TBILISI (Combined Sources)—US Deputy Assistant Secretary of State and US Minsk Group co-chairman Matthew Bryza announced Tuesday while visiting the Georgian capital that US ambassador to Kosovo Tina Kaidanow will replace him as the next Co-chair.
Bryza said that Kaidanow was expected be appointed Deputy Assistant Secretary of State for European and Eurasian Affairs. Recent media reports indicate that Bryza is poised to become the new US Ambassador to Azerbaijan.
Kaidanow was sworn in as U.S. Ambassador to Kosovo on July 18, 2008. Prior to that, Kaidanow was the Chief of Mission and Charge d’Affaires at the U.S. Office in Pristina (later the U.S. Embassy) from July 2006 to July 2008.
Kaidanow arrived in Kosovo from Sarajevo, where she was the Deputy Chief of Mission at the U.S. Embassy for the previous three years. Prior to that she was the Special Assistant for European Affairs to Deputy Secretary of State Richard Armitage.
A career member of the U.S. diplomatic service, Kaidanow has served extensively in the region, as Special Assistant to U.S. Ambassador Christopher Hill in Skopje 1998-1999, with specific responsibilities focused on the crisis in Kosovo; and assignments in Sarajevo (1997-1998) and Belgrade.
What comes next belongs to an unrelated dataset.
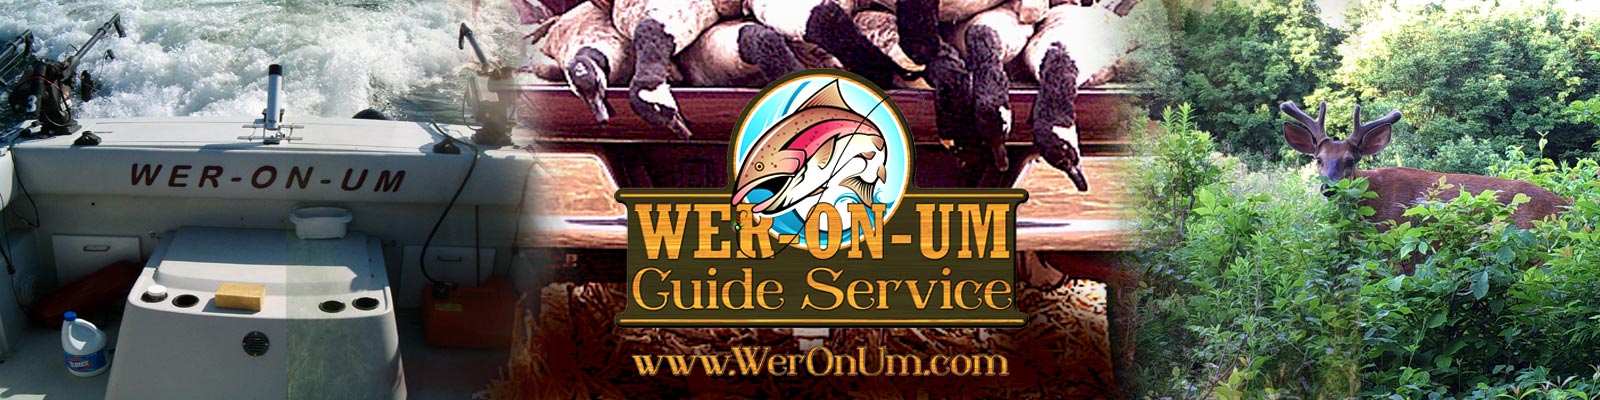 Wer-On-Um Guide Service Banner

She has also held the position of Director for Southeast European Affairs at the National Security Council.
Kaidanow holds a Bachelor of Arts and Master of Arts degree from the University of Pennsylvania and a Master of Philosophy degree in Political Science from Columbia University in New York.
Bryza, who, as he himself put it, was a more frequent guest to Georgia than any other U.S. official, was a regular target of criticism of Georgian opposition for his perceived support personally to President Saakashvili, which the opponents claimed, was resulting into turning a blind eye on the Georgian authorities’ failures to deliver democratic reforms.
“I found it simply ridiculous to read, to hear some of the things some of my colleagues in more radical side of Georgia’s opposition were saying about me supposedly supporting only one person in this country,” Bryza said in his opening remarks at a news conference in Tbilisi on August 10 – the issue which he had to publicly address at least once in the past.
And when asked about the criticism to the Bush administration for supposedly having personalized nature of relations with the Georgian leadership, Bryza responded: “With all due respect to those experts who pose that question they simply are completely unaware of how the U.S. policy has been formed for these last many years.”
“What has been consistent, meaning what will not change from one [U.S.] administration to another is that the personalization of the U.S. policy towards Georgia is that we persons [in the U.S.] feel very close to all of you persons [in Georgia],” Bryza said.
In a joint opinion piece published in The New York Times on August 5 Mark Lenzi, a former country director for the International Republican Institute in Georgia and Lincoln Mitchell, a former country director for the National Democratic Institute in Georgia, wrote that they knew firsthand about “how the highly personalized nature of relations between the U.S. and Georgian leadership has contributed to bipartisan American reluctance to criticize the steps Georgia has made away from democracy in recent years.”
Before leaving Georgia for Baku, Bryza met with President Saakashvili who awarded the U.S. diplomat with the Golden Fleece medal—an award presented to foreign citizens for their contribution to “building the Georgian statehood” and developing bilateral ties with foreign countries.
“Matt [referring to Bryza] has contributed largely to strengthen of our bilateral relations [with the United States]. He stood by Georgia in the most difficult times,” Saakashvili said.
Bryza said Monday, referring to the August war, that last year “those people, who may have had dark goals to undermine Georgia, failed” and now the best way for Georgia was to go ahead with its economic and democratic reforms.
Echoing U.S. Vice President Joe Biden’s remarks in Tbilisi last month, Bryza said that “life will be normal and fully healthy here once institutions, like Parliament, play a stronger role; once judicial reform has advanced; once electoral reforms are in place and once we see stronger and more independent media.”
He reiterated that the U.S. would stand by Georgia and the two countries’ partnership would deepen “as Georgia is on this path of expanding political and economic freedom through serious reforms.”
“It needs to be worked on now to rejuvenate these reforms,” he added.